Chapitre IX

Épisode 047

Si j’escomptais somnoler devant mon écran, histoire de digérer en paix, je me fourre le doigt dans l’œil. La suractivité gueularde de Tarantini me contraint à me rendre avec les autres à la salle de réunion. Le bellâtre est fier de lui et il n’a jamais eu la satisfaction modeste. Il a réuni large. Même le Paon, notre manitou mal aimé, a repoussé quelques rendez-vous pour assister à la grande scène. Tarantini salive avant même de parler et je rêve qu’il me pousse une tarte à la crème à lui balancer ou que son pantalon décide de se tailler, enfin un truc drôle qui m’épargnerait la suite.

– J’ai eu des contacts au plus haut niveau avec la police allemande et, sans me vanter, je crois que j’ai bien manœuvré...

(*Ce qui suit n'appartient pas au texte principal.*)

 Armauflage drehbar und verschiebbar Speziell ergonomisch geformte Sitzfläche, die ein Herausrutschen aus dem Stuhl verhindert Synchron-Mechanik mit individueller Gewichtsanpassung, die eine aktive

Je me paie une petite apnée jusqu’à la fin du préambule et j’ouvre l’œil et les écoutilles lorsque le nom de Scvepic revient sur la table.

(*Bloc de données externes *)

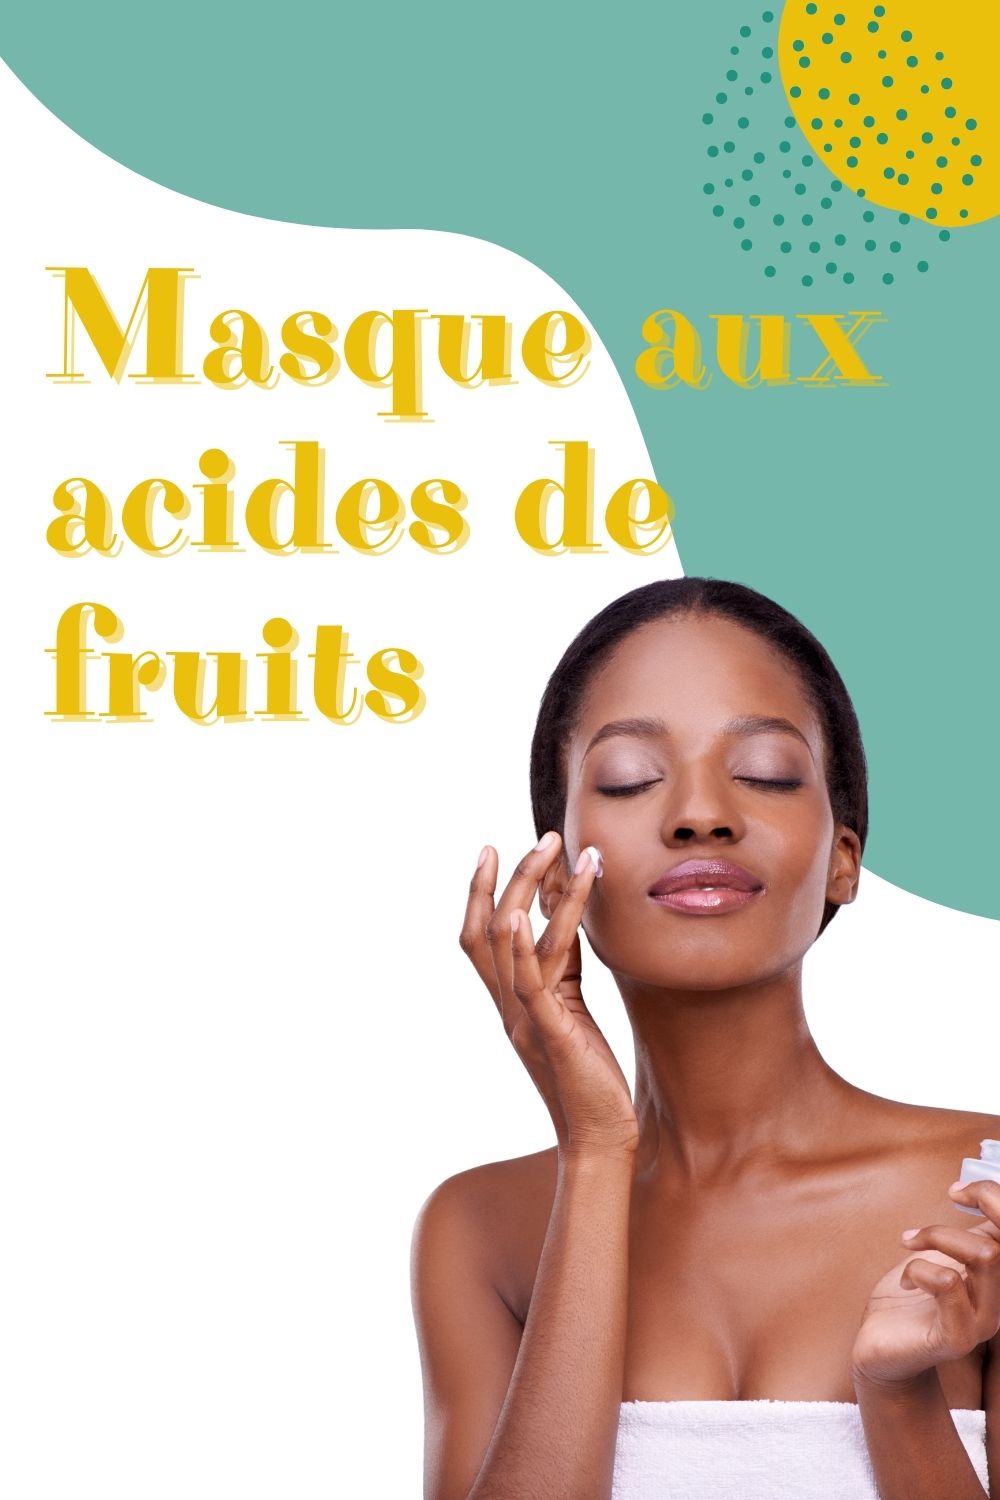 Masque aux acides de fruits

– J’ai pu obtenir des renseignements plus précis sur Scvepic. Il a quitté récemment l’armée slovène et travaille tout à fait légalement comme formateur dans le nord de l’Allemagne. Des tireurs d’élite de toute l’Europe suivent son enseignement. En gros, il est intouchable. Mais les autorités allemandes savent parfaitement qu’il poursuit des activités illicites, et que certains de ses élèves œuvrent de l’autre côté de la barrière.

– Et ils ne font rien ?

– Les agissements litigieux qui lui sont attribués se situent hors des frontières de l’Union européenne. Alors, ils préfèrent fermer les yeux. J’ajoute que Scvepic a été officiellement blanchi pour une cargaison de vieilles affaires et ce n’est pas le type qui a l’habitude de laisser des preuves derrière lui. Officiellement, c’est un citoyen des plus respectables. Mais je leur ai fait une proposition qu’ils lui ont transmise et qu’il a acceptée.

– À savoir ?

Le Paon semble aussi déconcerté que moi.

– Scvepic nous secondera sur les aspects techniques de cette affaire en qualité de consultant.

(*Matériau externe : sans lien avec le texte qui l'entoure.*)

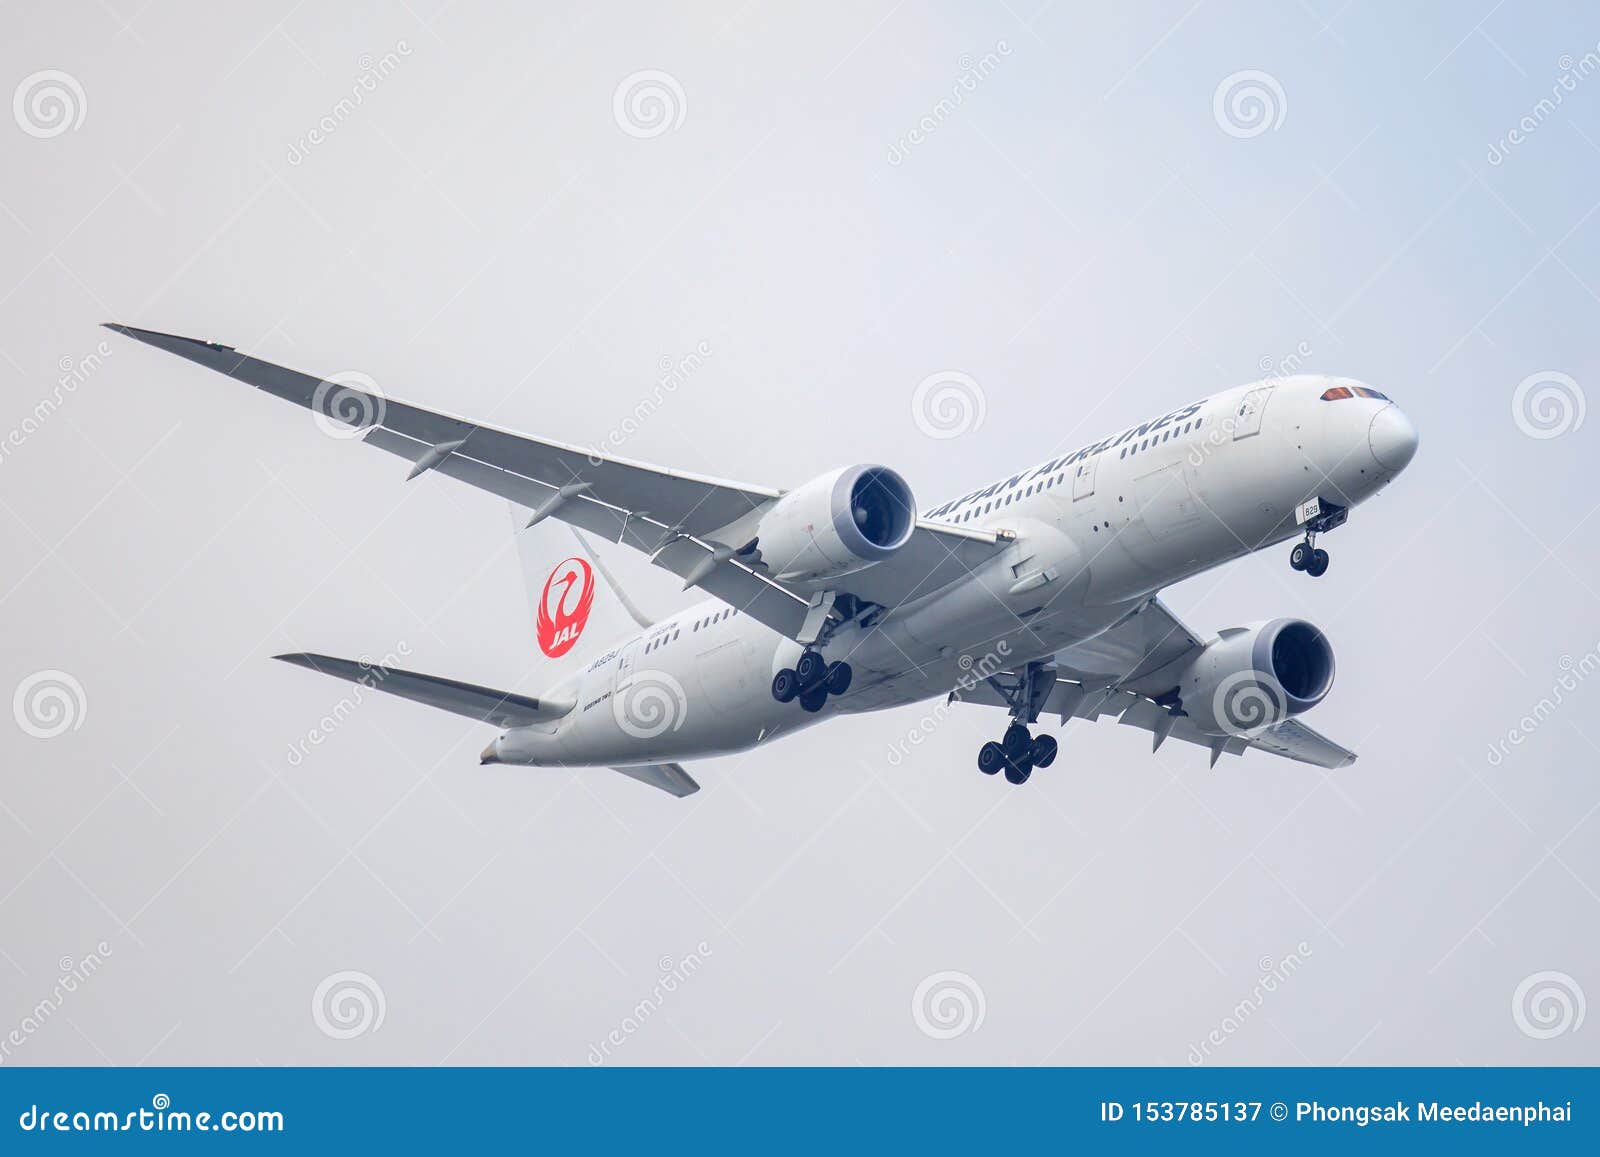 Jal或日本航空飞机或飞机在天空着陆对素万那普机场图库摄影片 图片包括有jal或日本航空飞机或飞机在天空着陆对素万那普机场

Tarantini savoure sa phrase quelques secondes durant, puis il reprend, la voix ferme.

– Il faut reconnaître qu’il y a un ou deux bémols. Tout d’abord, Scvepic ne répondra qu’aux questions qu’il estimera pertinentes... Ensuite, il ne s’exprimera que par e-mail et décidera librement du terme de nos entretiens... Et puis, il y a le problème de ses tarifs...

– Parce que nous allons le payer ?!

Je ne joue pas souvent les vierges indignées, mais là, l’exclamation m’est venue toute seule. Enfin quoi, merde, on est chez les flics oui ou non ? Je sais que le système des indulgences n’est pas une nouveauté, mais, graisser la patte d’un tueur et lui parler avec déférence pour qu’il daigne nous éclairer sur les aspects techniques de son choix, j’avoue que ça me dépasse un petit peu ; il faut croire qu’il me reste toujours l’envie de différencier les gentils des méchants, une résistance presque instinctive à ce grand mélange cynique qui nous voit tous louvoyer dans le même baquet d’eau souillée. Tarantini ne perd pas cette belle occasion de me river le caquet.

– Scvepic, nous ne l’aurons pas. Le commanditaire nous pouvons l’avoir. Alors, mettons toutes les chances de notre côté. Il faut être lucide, Jocelyn, quand on veut devenir flic.

Le Paon sourit, opine, ronronne, et dit à son merveilleux collaborateur brillantiné de passer dans son bureau pour définir un budget « consulting ». J’en frémis. Tarantini se racle la gorge.

– J’oubliais. Scvepic ne parle ni français ni anglais, il souhaite que nous communiquions en allemand, et moi... j’avoue que...

– Compris, Tarantini. Vous voyez quelqu’un qui peut s’en charger ?

– Je pense que c’est dans les cordes de Jocelyn.
Nouveau sourire du Paon qui se tourne vers moi. Horreur, il va finir par se souvenir que j’existe, cet affreux-là !

– C’est une bonne occasion de vous mettre en valeur, Perret !

Ils sortent tous de la salle, alors que je reste là, un peu mou de la cervelle. Si j’ai bien tout compris, je vais devoir écrire un mail à un tueur, moi.